After a two-week trial, a jury found Anthony Steven Wright guilty of two federal offenses. He was convicted on Count I of kidnaping in violation of 18 U.S.C. § 1201 (2000) and on Count II of knowingly brandishing a firearm in furtherance of a ciime of violence in violation of 18 U.S.C. § 924(c)(1)(A) (2000). The district court 2 sentenced Wright to a term of life imprisonment on the kidnaping count and a term of seven years on the firearms count, with the two sentences to be served consecutively. On appeal, Wright argues that the evidence is insufficient to support his two convictions, that the district court erred by allowing inadmissible hearsay evidence, that the district court erred in failing to impanel a fair and impartial jury, and that the district court erred by sentencing him as a career offender. We affirm both Wright’s conviction and sentence.

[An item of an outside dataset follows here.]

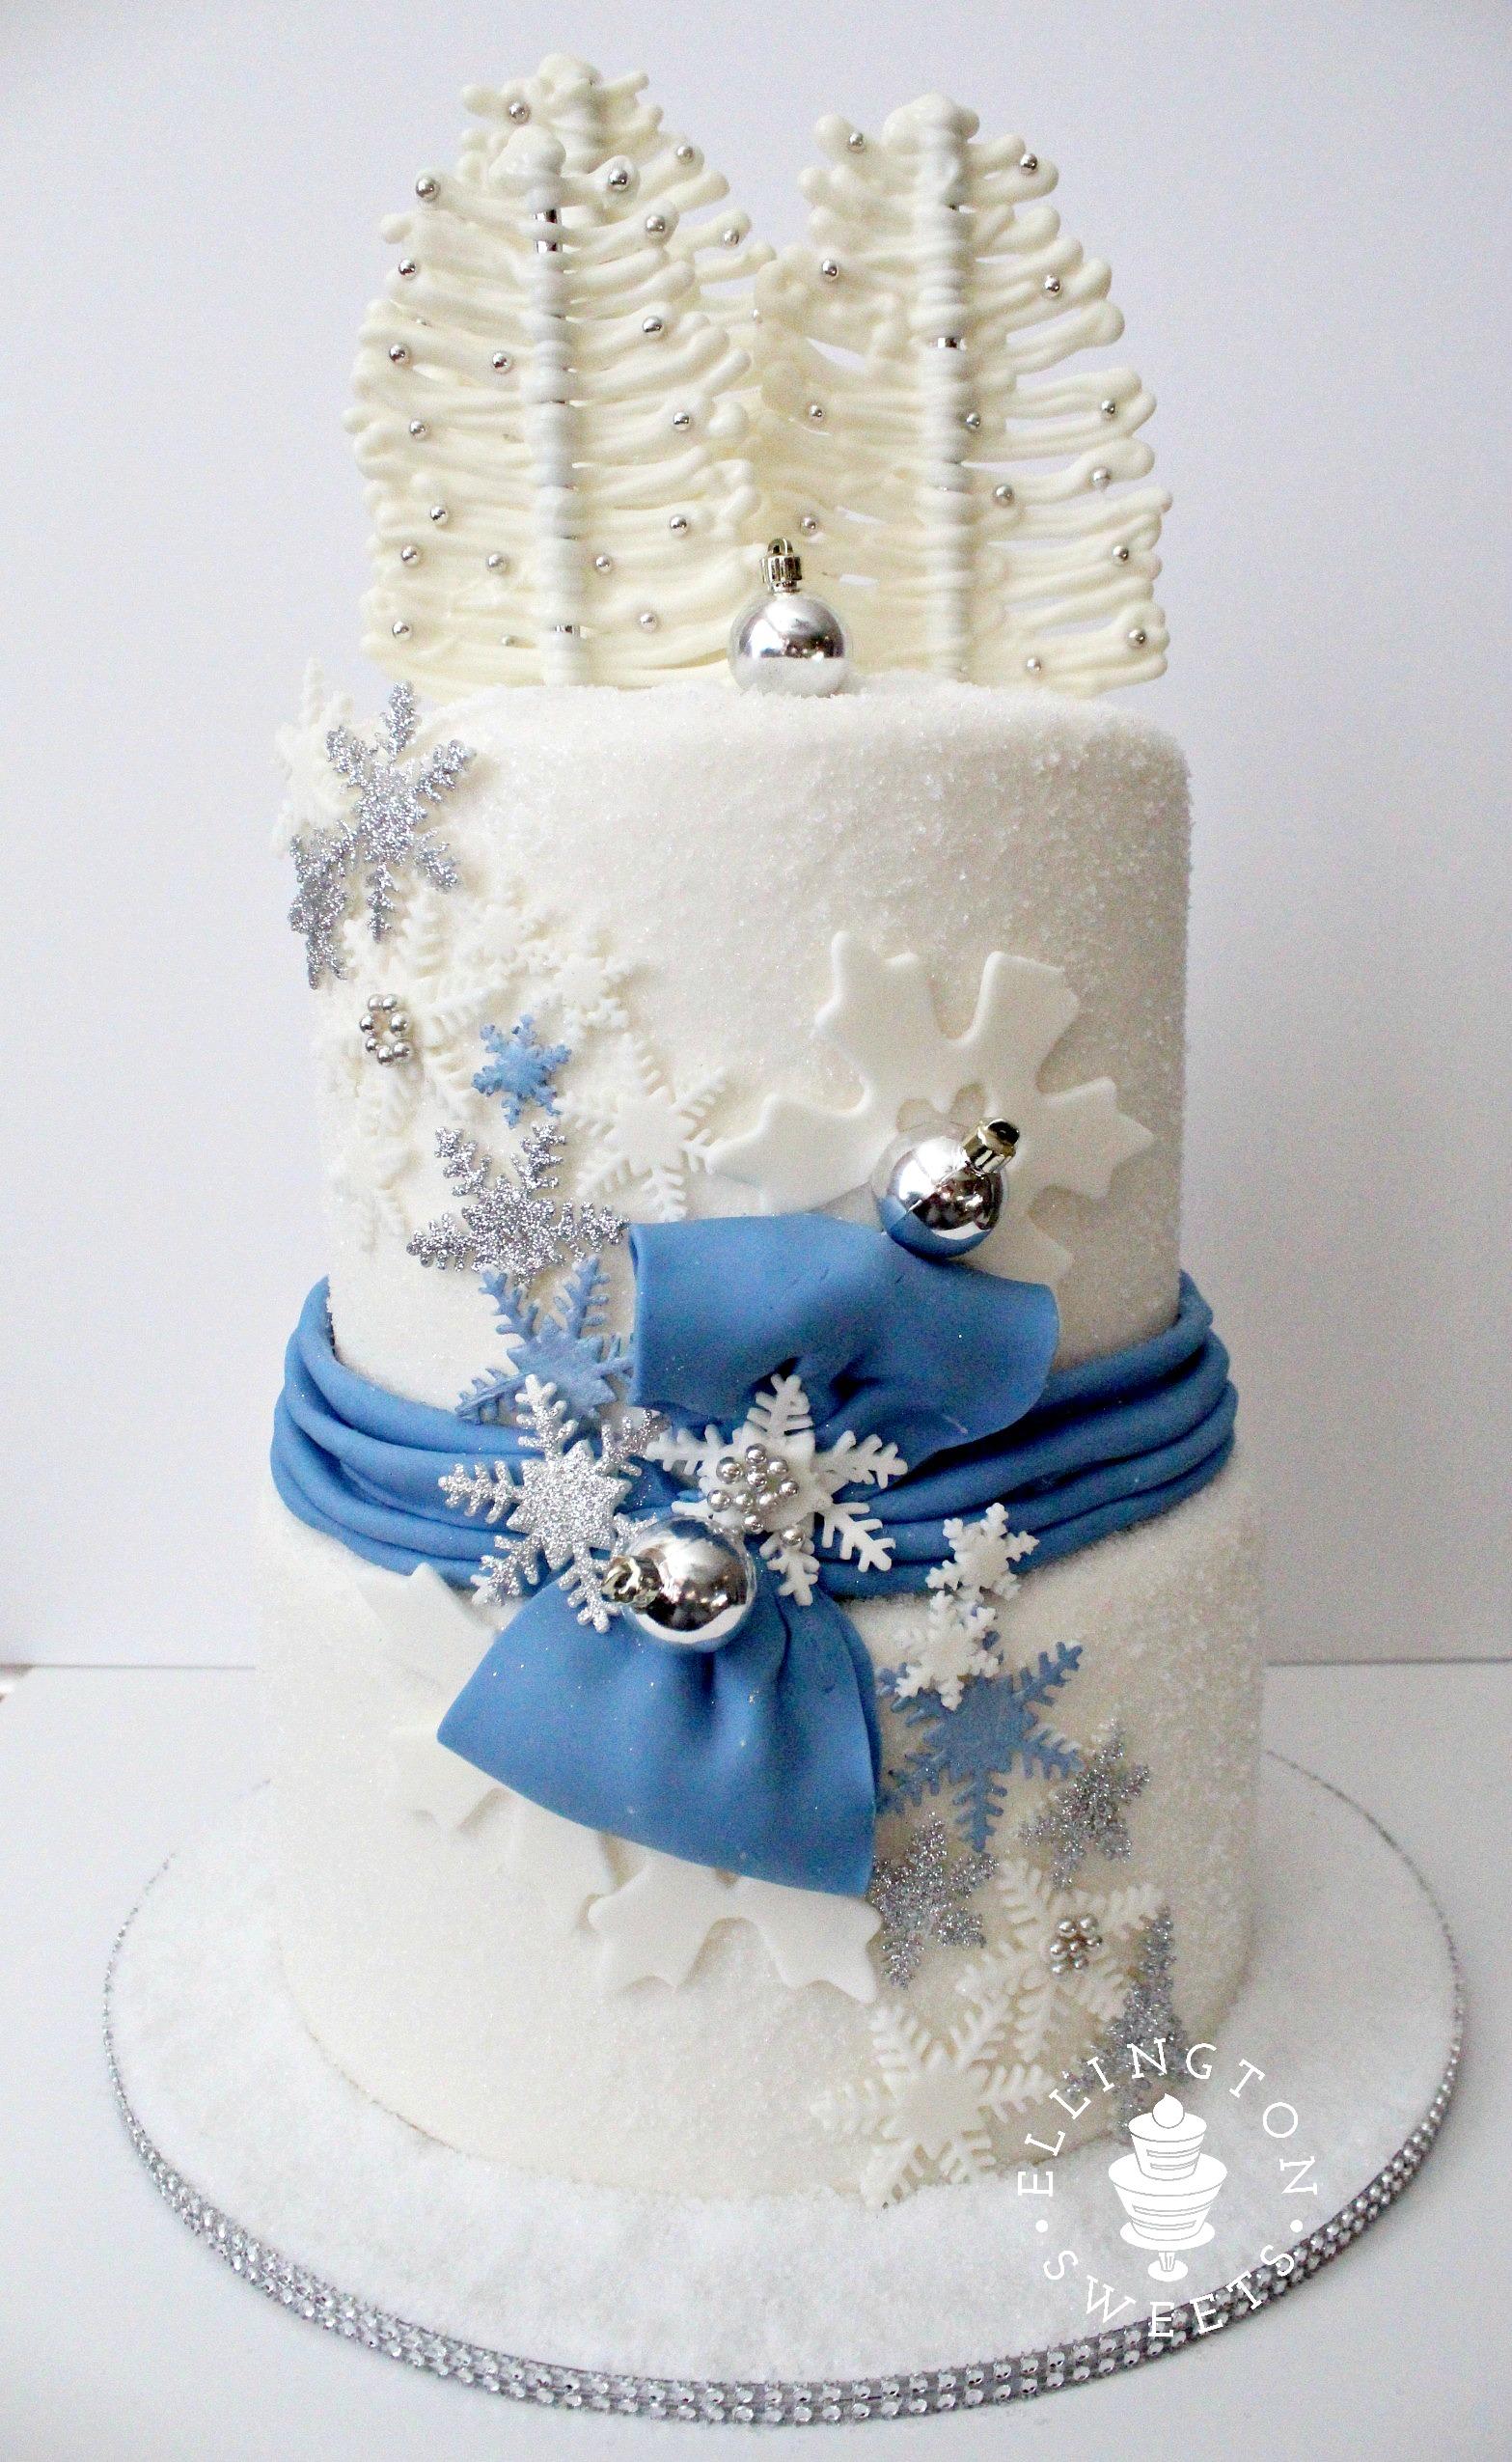 Edited Winter Wonderland Cake 2.jpg

We recite the facts in the light most favorable to the jury’s verdict. At approximately 7 p.m. on April 6, 2001, Wright approached seventeen-year-old Anne Sluti in the parking lot of the Hilltop Mall in Kearney, Nebraska. He pointed a gun at her and ordered her into his blue Suburban, which was parked next to her car. He grabbed her and pushed her into the driver’s side of the Suburban. She slid across the seat and got out of the car on the passenger side, but Wright caught her and repeatedly hit her with his fists. As he pushed her back into the Suburban, she screamed for help, but he kept hitting her until she blacked out. 3 A number of people in the parking lot heard Sluti screaming and saw Wright beating her. Two of the witnesses called 911 on their cell phones. .One of the callers, Janet Hadwiger, testified that she saw that “the front passenger door was open and that the girl was bracing herself to not go into that vehicle,” that Wright hit Sluti “really hard,” that he “just kept hitting her,” maybe a “dozen” times. The other caller, Carrie Bran, stated that she heard “frightful” screaming and that when she turned to look, she saw a man hitting a girl and that he kept hitting her until he finally pushed her into the car and drove off. 4

Upon receiving these emergency calls, Kearney police officer Michael Bogard arrived at the mall parking lot and found Sluti’s belongings lying on the ground, including mittens, music CDs, and her purse, which contained her identification. Bo-gard contacted Sluti’s parents and told them about the assault in the parking lot; Sluti’s mother, Elaine Sluti, was able to confirm that the belongings left behind were in fact Anne’s.

With Sluti lying on the floorboard, Wright traveled north from Kearney, Nebraska. At some point, Sluti came to and sat up in the seat. They arrived at a gas station in Ainsworth, Nebraska at approxi *728 mately 10:15 p.m. Wright made Sluti get back on the floor of the Suburban. He used one chain to bind Sluti’s hands behind her back and another chain to bind her feet and ordered her to remain on the floor and to be quiet. Wright went into the station and asked for directions. Brandon Doke, a customer at the station, spoke with Wright and looked outside and saw the Suburban but was unable to see anyone in the vehicle.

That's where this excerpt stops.